Marge Piercy (born March 31, 1936) is an American poet, novelist, and social activist. Piercy was born in Detroit, Michigan, to a family deeply affected by the Great Depression. She was the first in her family to attend college, studying at the University of Michigan. Winning a Hopwood Award for Poetry and Fiction (1957) enabled her to finish college and spend some time in France, and her formal schooling ended with an M.A. from Northwestern University. Her first book of poems, Breaking Camp, was published in 1968.
As of 2004 she is author of seventeen volumes of poems, among them The Moon is Always Female (1980, considered a feminist classic) and The Art of Blessing the Day (1999), as well as fifteen novels, one play (The Last White Class, co-authored with her third and current husband Ira Wood), one collection of essays (Parti-colored Blocks for a Quilt), one nonfiction book, and one memoir.

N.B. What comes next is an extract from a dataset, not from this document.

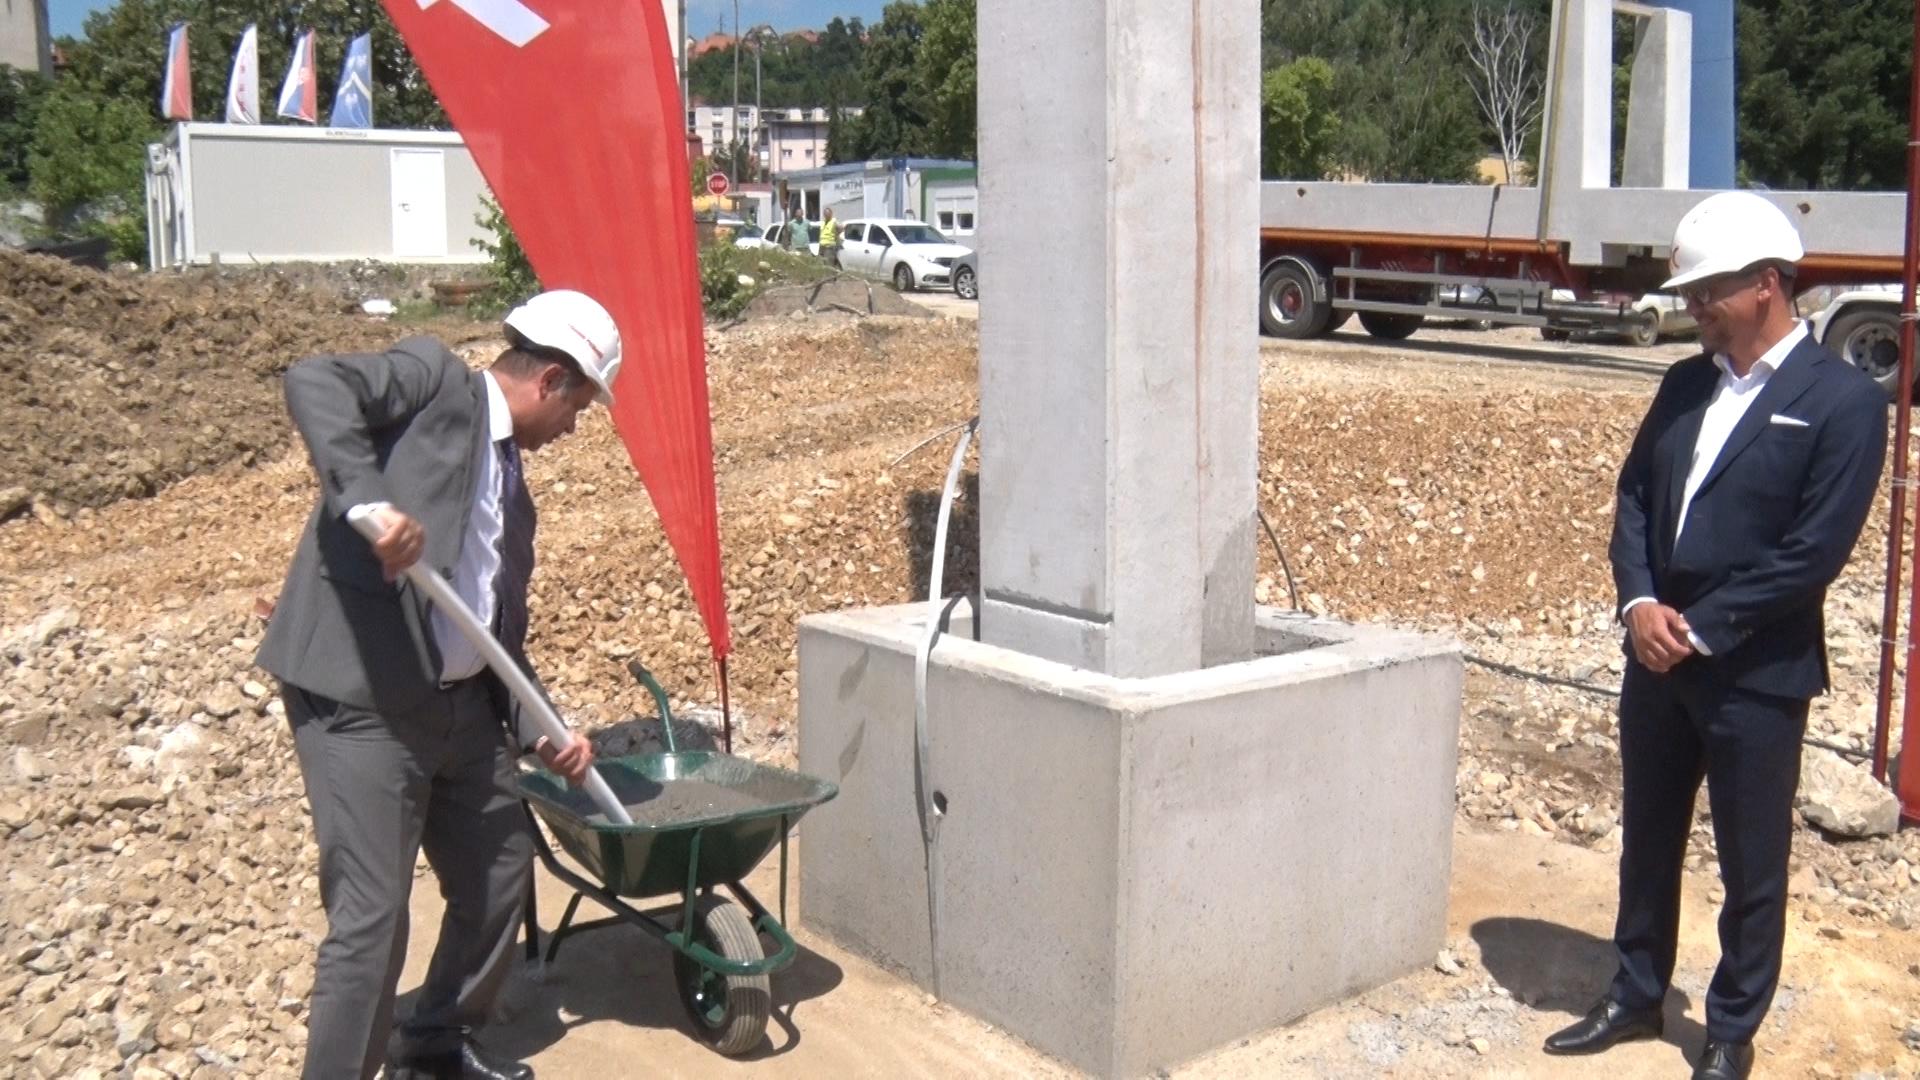 Polozen Kamen Temeljac Za Izgranju Prvog Soping Centra U Uzicu

Her novels and poetry often focus on feminist or social concerns, although her settings vary. While Body of Glass (published in the USA as He, She and It) is a cyber-fiction novel that won the Arthur C. Clarke award, City of Darkness, City of Light is set during the French Revolution. Other of her novels, such as Summer People and The Longings of Women are set during the modern day. Yet all of her books share a focus on women's lives.
Woman on the Edge of Time (1976) skilfully mixes a time travel story with issues of social justice, feminism and the treatment of the mentally ill. Body of Glass (1991) postulates an environmentally ruined world dominated by sprawling mega-cities and a futuristic version of the Internet, through which Piercy weaves elements of Jewish mysticism and the legend of the Golem, although a key story element is the main character's attempts to regain custody of her young son.
Piercy's poetry tends to be highly personal free verse, and often addresses the same concern with feminist and social issues. Her work shows commitment to the dream of social change (what she might call, in Judaic terms, tikkun olam), rooted in story, the wheel of the Jewish year, and a range of landscapes/settings.
She lives on Cape Cod, Massachusetts with her husband, Ira Wood.